Выслушать-то я выслушал. В статье упомянул, и прочее. Сына его жалко: мало пожил, мало повоевал. Но на войне так бывает. Пуля и снаряды возрастов не различают.
Парень умер в самом начале, за победу, за правое дело. Он не испытал горечи поражений, предательства, панического бегства, фосфорных бомб. Гор пал победителем – как тысячи армян до него.
Государство материально помогло семье героя. Как смогло. Достаточно или нет – другой вопрос. А вот что с отцом?
Сам я, честно говоря, затрудняюсь предложить, предположить что-либо. Наказывают и награждают за личные поступки. Его уголовная статья допускает освобождение раньше срока, если отсидит две третьих положенного. Иного не предусмотрено.
Даже при наличии вариантов – степень социальной опасности никто не проигнорирует. Человек осуждён за убийство. Разве что на самом верху рискнут?
Сокамерники отца погибшего солдата отзываются о нём неплохо. Неагрессивен, открыт, всегда поддержит, поможет.
Работники тоже ничего отрицательного не замечали. Обыкновенный мужик, каких в стране тысячи. На воле таксовал, семью кормил. Ну ошибся, с кем не бывает.
Слова словами, но тон при обсуждении людей более важен. Без эмоций как-то о нём говорили, безразлично. Словно и не о живой судьбе речь. А ведь эти работники с ним знакомы! Чего же ожидать от «решал» во власти, для кого осужденный – документ, бумажка?
Да, понимаю какова должна быть участь преступника.
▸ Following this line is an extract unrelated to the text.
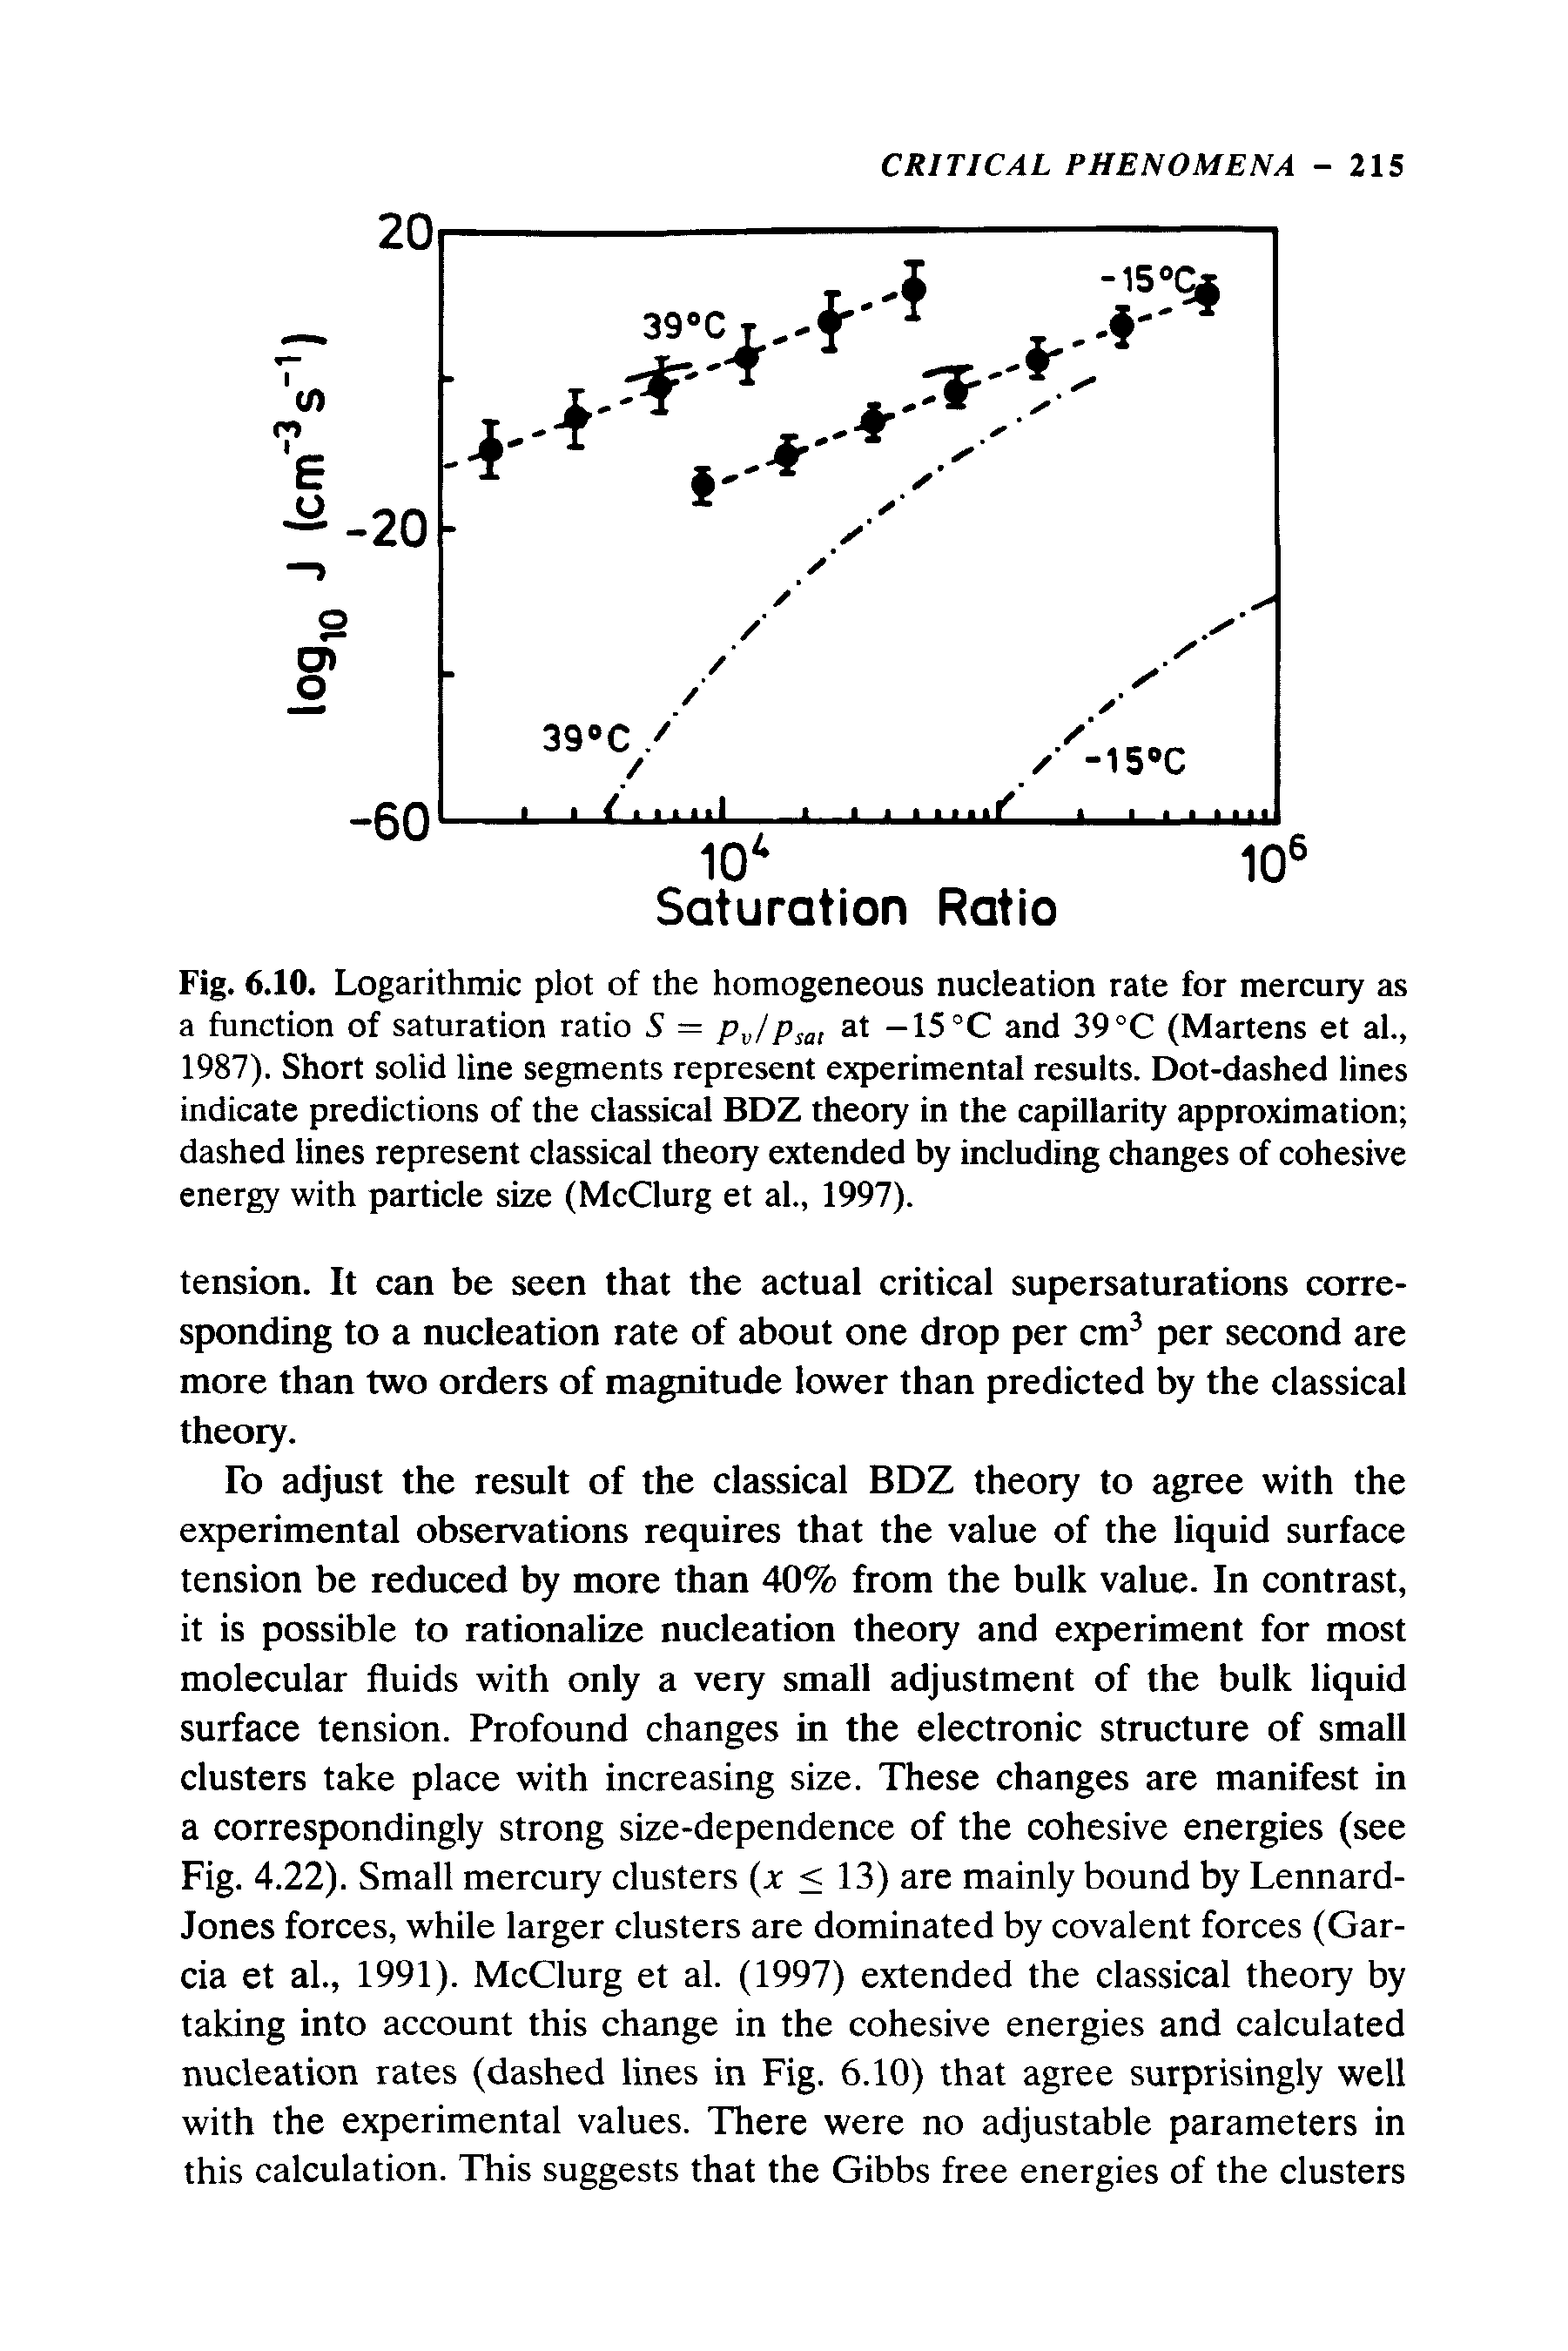 Fig. 6.10. Logarithmic plot of the homogeneous nucleation rate for mercury as a function of saturation ratio S = p lPsat -15°C and 39 °C (Martens et al., 1987). Short solid line segments represent experimental results. Dot-dashed lines indicate predictions of the classical BDZ theory in the capillarity approximation dashed lines represent classical theory extended by including changes of cohesive energy with particle size (McClurg et al., 1997).

Сурова и неотвратима. Тем более, наказание убийцы. Но от правил можно и отойти. При сильном-то желании.
Гарегин отнял жизнь. И, возможно, Гор расплатился за это. Но благодаря тем шестнадцати дням, что сын воевал, – сколько армян сегодня живёт? Скольких врагов его сын уничтожил? И сколько зла эти уничтоженные враги не натворили? Ведь никто не считал. А породил сына-воина всё тот же преступник-отец.
Может быть в этом решение? Пусть сына уже не вернуть – но посмертной наградой солдату в семью возвратится отец. Чем не гуманность?
Да и закон не послужит лишь тростью святого слепца.